For a philosopher whose moniker became "the Commentator" in recognition of his work on Aristotle, it is unfortunate how relatively few book-length commentaries and collections exist on Averroes (Ibn Rushd). This volume is thus a welcome and overall excellent scholarly offering on Averroes's own significant intellectual achievements—from logic to law, and medicine to metaphysics, all expounded by major experts. The editors pursue the laudable goal to furnish "a well-rounded portrait of Averroes's thought" within its proper context of Andalusian Islam, rather than its reception in the Latin West (2). They reasonably organize the volume, beginning with Averroes in his immediate religious settings (chapters 1–4), then moving through (roughly) the Aristotelian curriculum (chapters 5–12). The book is a worthy sequel to Adamson's Interpreting Avicenna (2013) in the same Cambridge series. It contains many new insights for specialists, even as it provides (with a couple of exceptions) a powerful gateway to newcomers. In fact, several of the chapters additionally serve as useful windows into some of the other important scholarship (both existing and forthcoming) from the collection's contributors.

The book certainly succeeds in representing the rich background of Averroes's thought, which encompasses far more than Aristotle, including expansive Arabic adaptations of [End Page 751] Aristotle (see especially Rotraud Hansberger's outstanding chapter on the Arabic Parva Naturalia), the late antique commentary tradition, other Muslim philosophers (such as al-Fārābī, Avicenna, and Ibn Bājja), and pivotal mutakallimūn (rational theologians), namely, Ibn Tūmart and especially al-Ghazālī. It is hardly news that Averroes resists the dominant influence of al-Ghazālī, attempting to subvert the latter with Aristotelian demonstrative science. On the other hand, it is right and instructive that the volume urges understanding all of Averroes's works as likewise inflected by Islam and Ash'arite theology, even outside specifically dogmatic works, like the Incoherence of the Incoherence, overtly aimed at al-Ghazālī.

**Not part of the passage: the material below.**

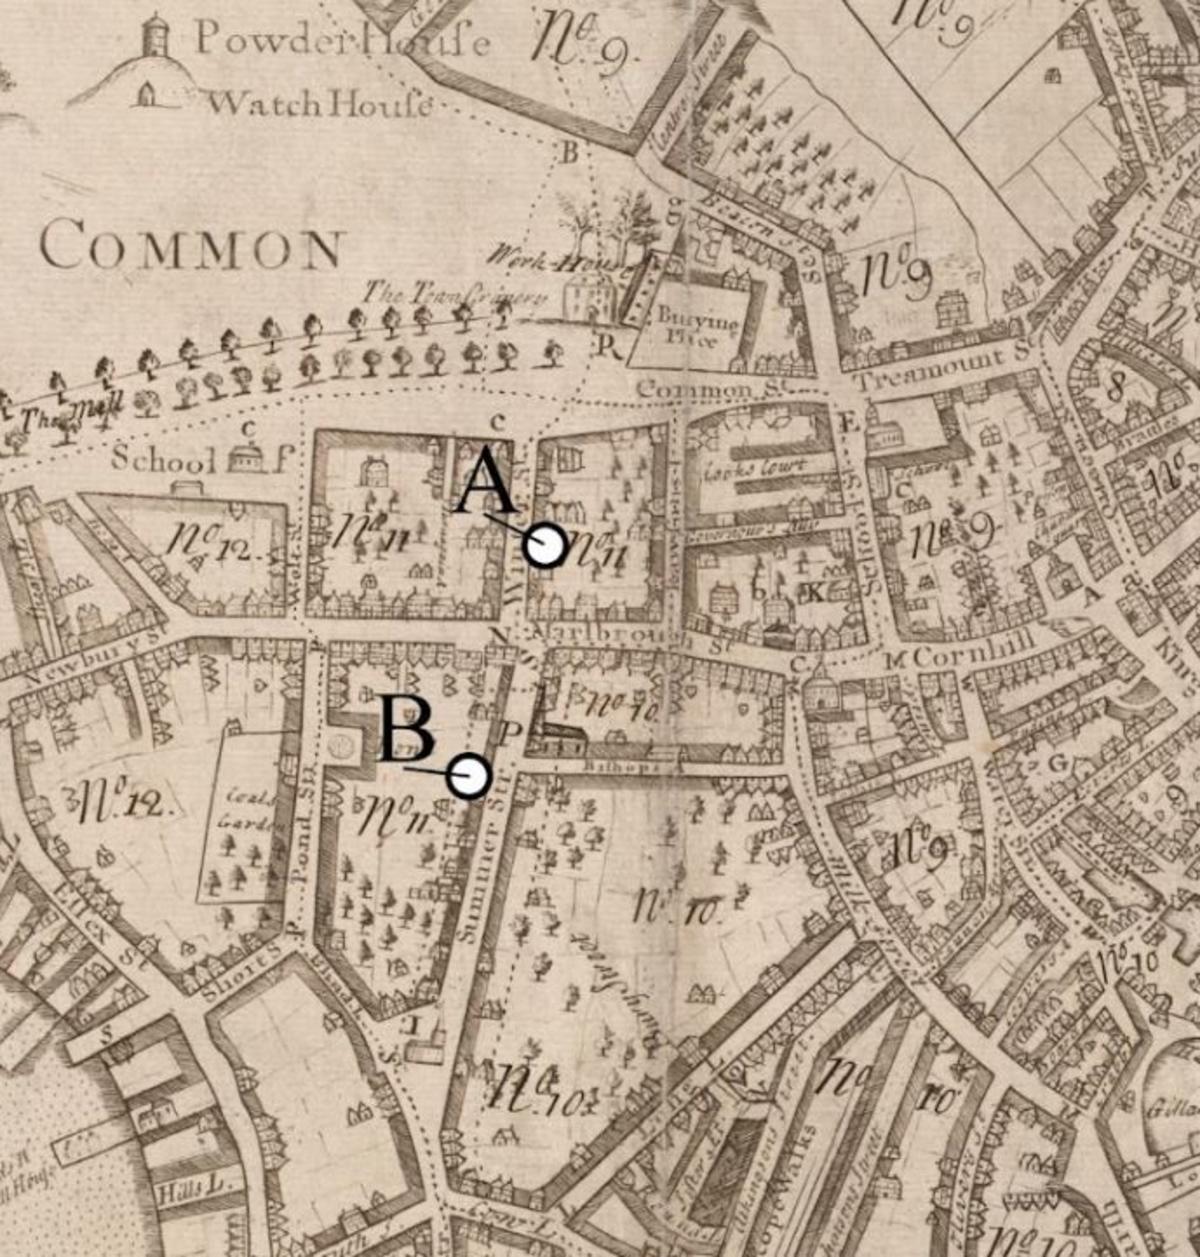 A view of the 1722 Bonner map of Boston showing the locations of Jane's and Sebastian's homes, one on Winter Street and one on Summer Street.

Yet I worry that, at times, the shadow of al-Ghazālī and Ash'arism may be overstated. For example, Cristina Cerami's enlightening chapter (on how Averroes consolidates physics as a genuine science) sees al-Ghazālī and Ash'arite occasionalism as Averroes's "ultimate target" (e.g. 189 and 197), but the textual evidence is limited (188–89). If Ash'arism lies behind Averroes's far more frequent and explicit critiques of Avicenna—an intriguing thesis—readers will have to consult Cerami's other work for the full argument. Matteo Di Giovanni's opening chapter adeptly sets the theological and historical scene. But I am not convinced that Averroes's notorious doctrine of a single material intellect for all human beings falls out of concerns to secure philosophical speculation on the divine (contra al-Ghazālī), via the doctrine of conjunction with separate intellects (18–22). In Averroes's main and settled arguments on intellect, conjunction is not a primary motivation. Indeed, when he later turns to conjunction, he alters classic models of it precisely because of his new position on intellect (see Deborah Black's "Conjunction and the Identity of Knower and Known in Averroes," American Catholic Philosophical Quarterly 73 [1999]: 159–84). But these are smaller challenges that invite further debate.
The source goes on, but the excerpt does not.